Records to process
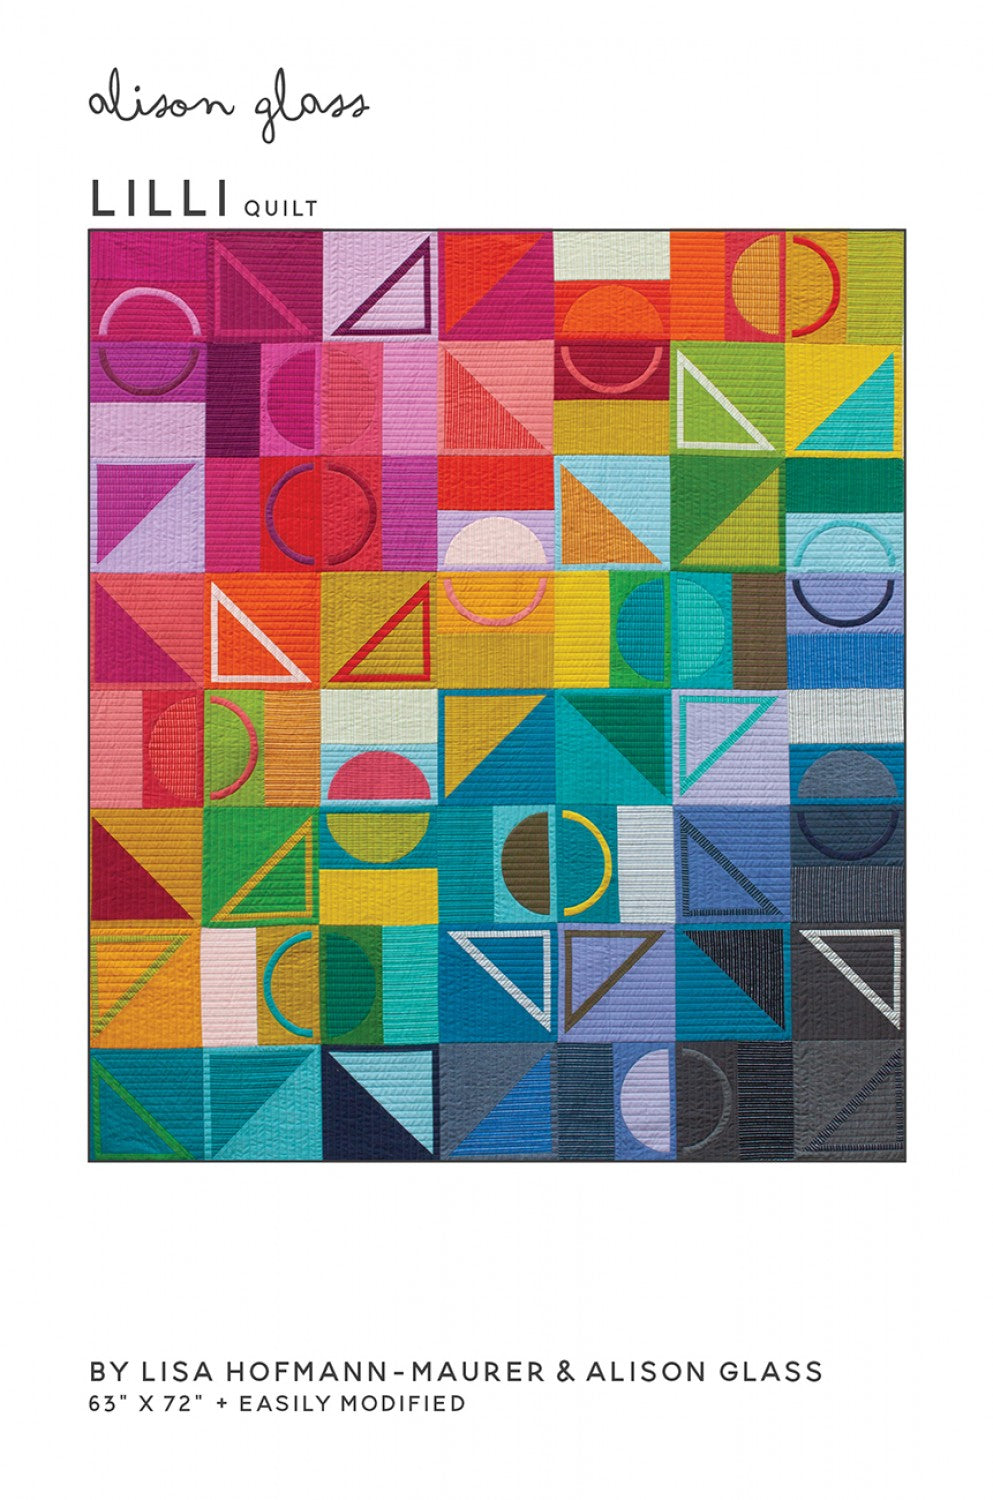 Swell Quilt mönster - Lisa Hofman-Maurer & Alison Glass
...
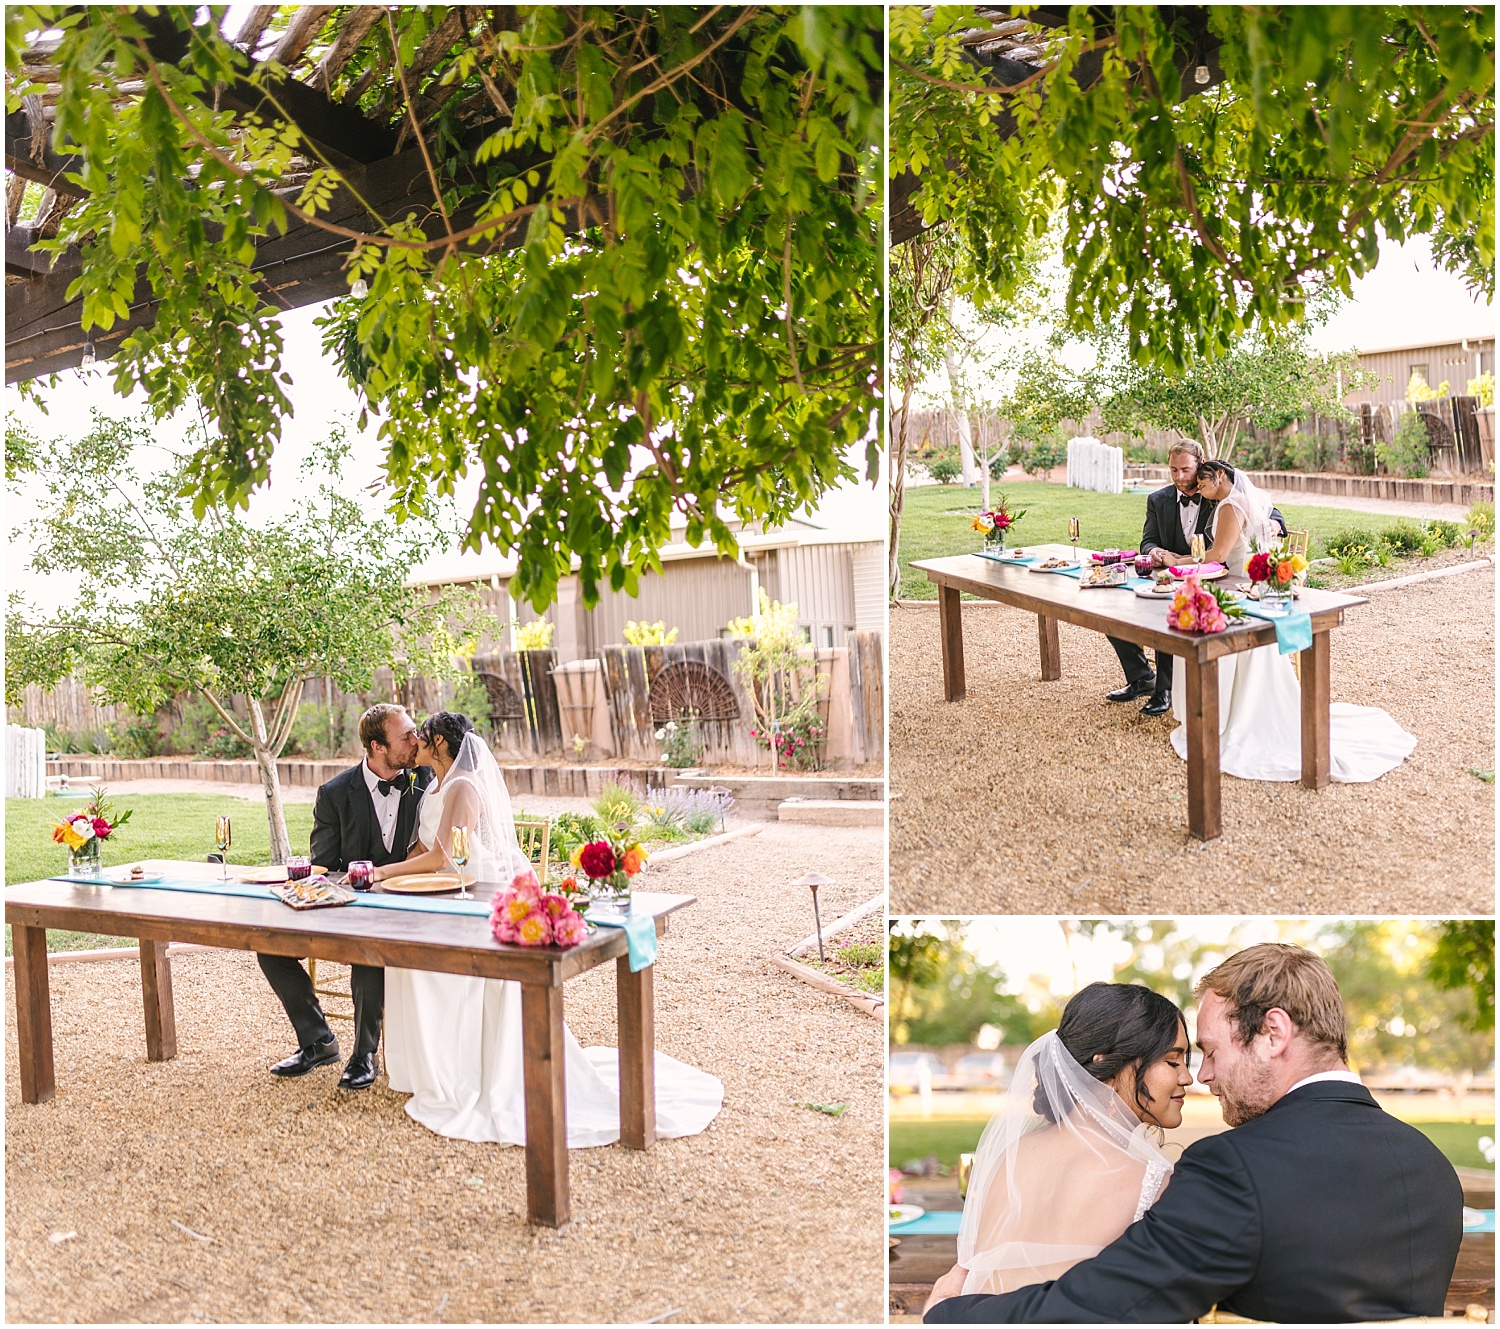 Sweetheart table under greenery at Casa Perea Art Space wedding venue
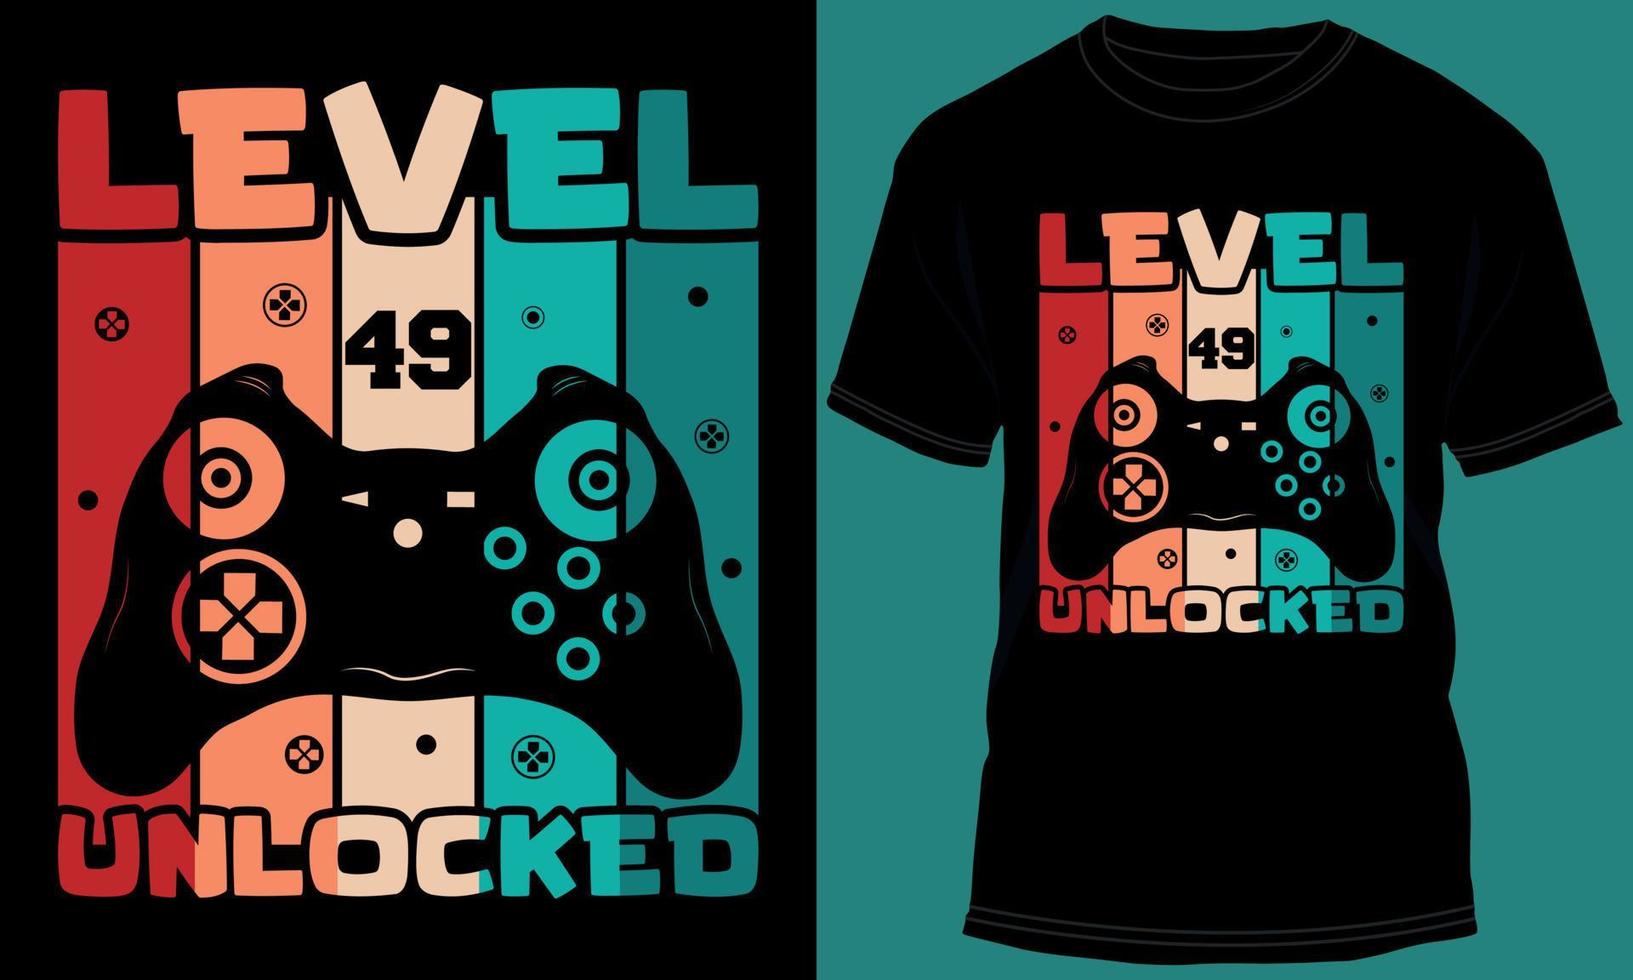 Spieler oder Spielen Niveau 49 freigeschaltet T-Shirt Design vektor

Task statement
In the data above, find the line containing "Sweetheart table under" and the line containing "Spieler oder Spielen". Repeat those two lines and everything between them exactly, minus the pictures.

Answer area
 Sweetheart table under greenery at Casa Perea Art Space wedding venue
 Spieler oder Spielen Niveau 49 freigeschaltet T-Shirt Design vektor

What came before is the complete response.